La Virgen de la leche con Niño y ángeles de Jean Fouquet
La Virgen de la leche con Niño y ángeles de Jean Fouquet
Mientras estaba aceptando unas setas alucinógenas, se iniciaba la coronación del nuevo rey de la Cloaca España; ¿cuál es el rey de la cloaca? Imagino que si mantenemos la fe en las leyendas, será el caimán. Quise al principio mientras la fiesta de la noche se alargaba en el día y lo goces terrenales no terminaban de agotarnos, tomármelo todo a chirigota y así cuando el viejo y rijoso rey entregaba el fajín de capitán general de los Ejércitos (con mayúscula, sí con mayúscula) al también rey y además hijo y además envarado y además descendiente de pésima dinastía, sentí digo que la risa se me helaba en los labios y surgía una mezcla de grima con rabia y no tanto por lo que estaba viendo sino por cómo me lo estaban contando y así, imbuido por una necesidad de afirmación, me dispuse a escuchar y ver el largo y pomposo día que se estaba produciendo en la ciudad de Madrid al tiempo que los efectos de las setas se iban afianzando en mi cerebro.
La manipulación de los cerebros -hasta el momento- se basa en la repetición de una idea básica. Repetir. Repetir. Repetir. Pepetir. Mimitir. Osicrón. Gracuosoma. Berbiquí. En todas partes se repetía incensantemente las virtudes de este señor y de entre todas ellas relucía como mantra espectral eso de la preparación, Preparado, Preparado, Preparado, Preparado, Preparado, Preparado para ser rey, preparado porque ha sido preparado, menudos preparadores para el nuevo preparado, preparado en universidades, preparado en goletas, preparado en refinerías, preparado en discursos, preparado en obstetricia, preparado en marismas, preparado en alturas, preparado en veleros, preparado en bilbilitanos, preparado en curas de urgencia, preparado, preparado, qué bien, cómo está de preparado, de preparado, de preparado, de preparado. Pre-Parado (eso nunca lo estará). Las setas, esto son las setas.
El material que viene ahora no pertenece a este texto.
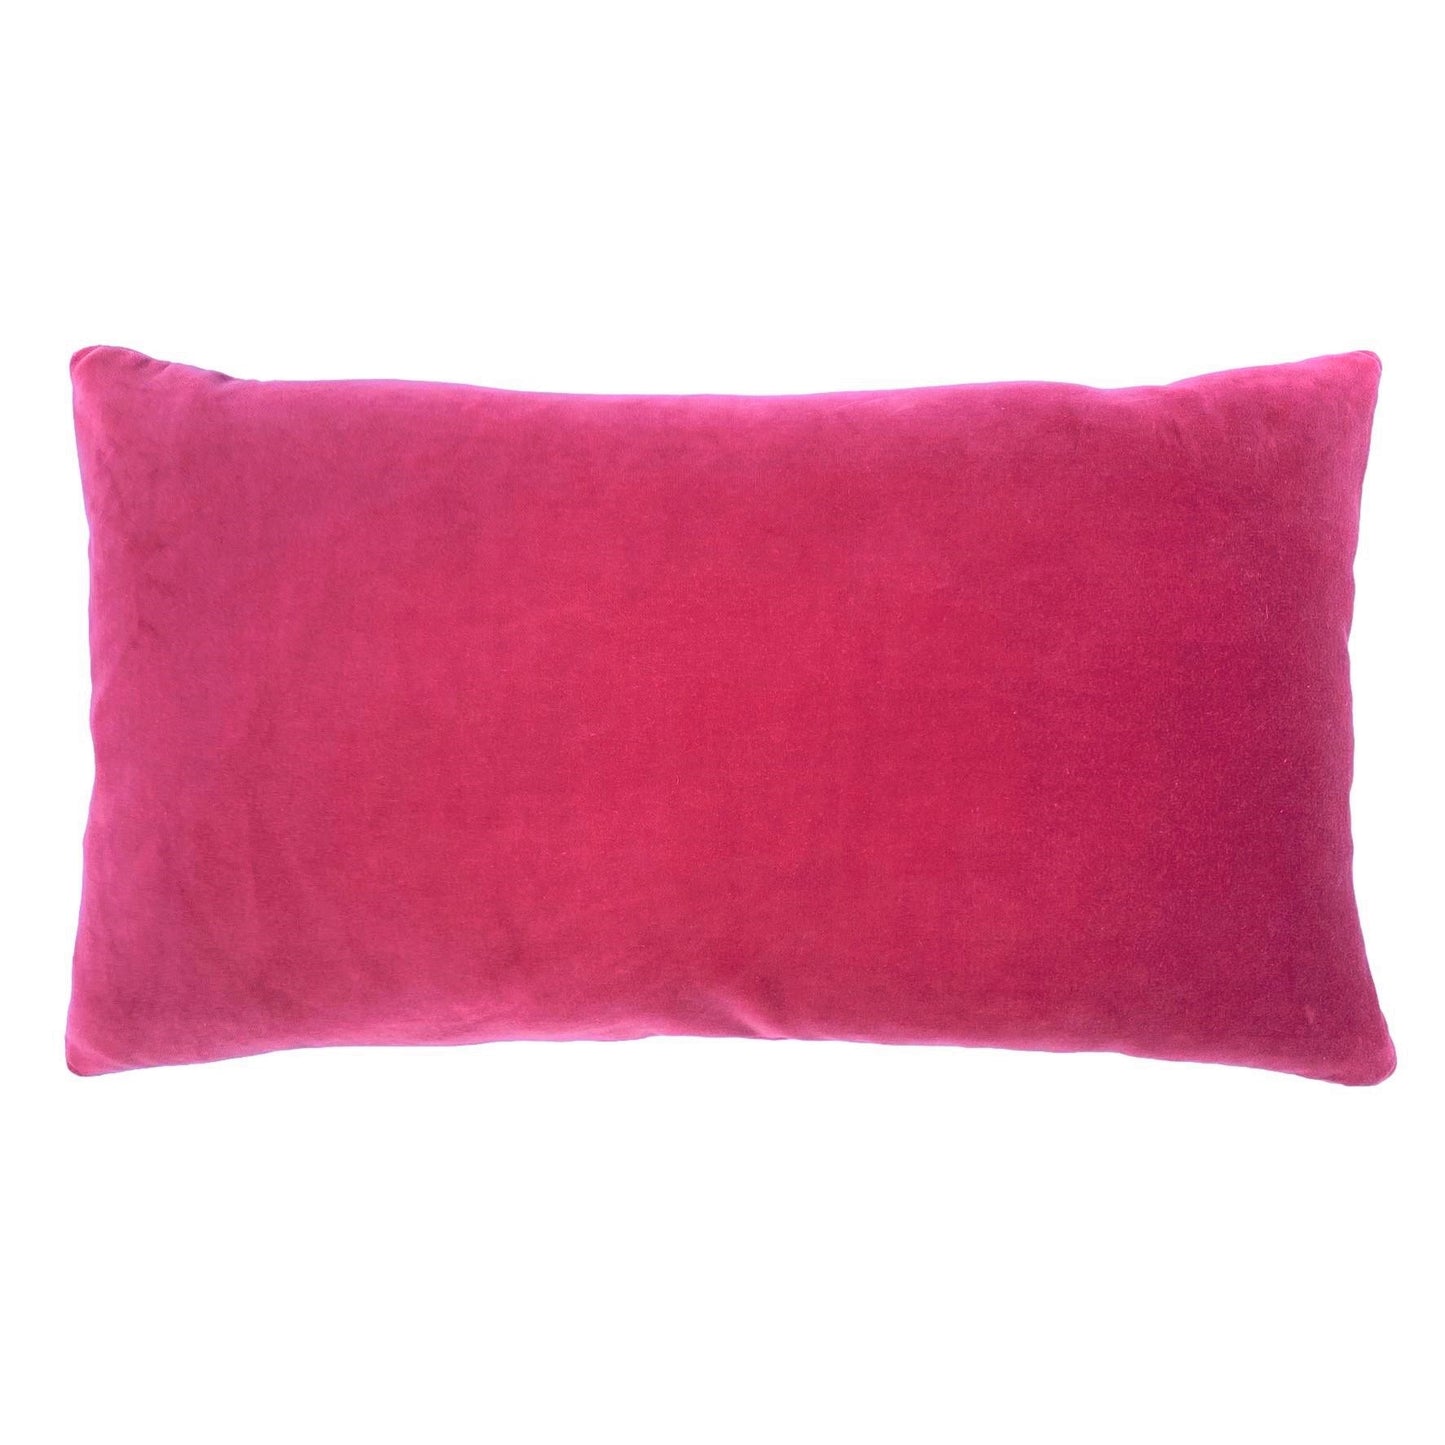 pink velvet cushion covers

Los gestos, también los gestos, ¡ay los gestos! de la abuela que es reina aunque la reina ahora ya no sea ella sino una señora de Oviedo a quienes los pijos detestan porque no tiene lo que hay que tener que es esa cosa ancestral y miserable de la alcurnia que se ha logrado única y exclusivamente en base a la explotación (y apropiación) de seres humanos, animales, minerales -incluso simples rocas- y vegetales; pero hablaba de la abuela que le hacía ver a la nieta que será princesa y luego ella también reina si las cosas siguen como siguen, le hacía ver que las piernas las tenía que tener juntas todo el rato aunque la niña tenga ocho años, las piernas juntas, bien juntas las piernas, las piernas, las piernas, preparado, ar (esto también son las setas). Y la que ahora es reina pero que antes había sido una señora de Oviedo aunque Oviedo es mucho Oviedo, Oviedo es la cuna de España, de lo que hoy es España, de los reinos astures, por Dios, por la Patria y por el puto Rey, salve Claudio Sánchez Albornoz, se ocupaba mucho de cuidar, de dar cariño a todos, ¡oh, madre nutricia! ¡oh, esposa amantísima que acaricias el rostro del macho que va camino de aceptar la más alta dignidad del Estado (con mayúscula, también con mayúscula) porque él, él, él necesita el apoyo de la mano femenina, la guardiana de las esencias más femeniles porque como máxima mujer de España ha de ser la máxima mujer de las mujeres que sabe cuidar de su familia y animar y reconciliar y hacer ver junto con la abuela que ya no es reina pero es majestad que las piernas juntas, juntas, juntas, las piernas juntas, muy juntas, ar, ar, ardo en deseos de cagarme en la puta madre que parió al Trono. Y luego, durante el discurso de coronación, ¡madre de todas las debacles! qué juntas tienen las piernas todas las mujeres de la realeza, ellas que las abren para que entren los miembros reales de sus machos y creen progenies que entren y se abran y pueblen y desgarren y se preparen, se preparen, se preparen, qué bien se preparan, para seguir haciendo discursos solemnes ante gentes tan solemnes, tan, tan solemnes.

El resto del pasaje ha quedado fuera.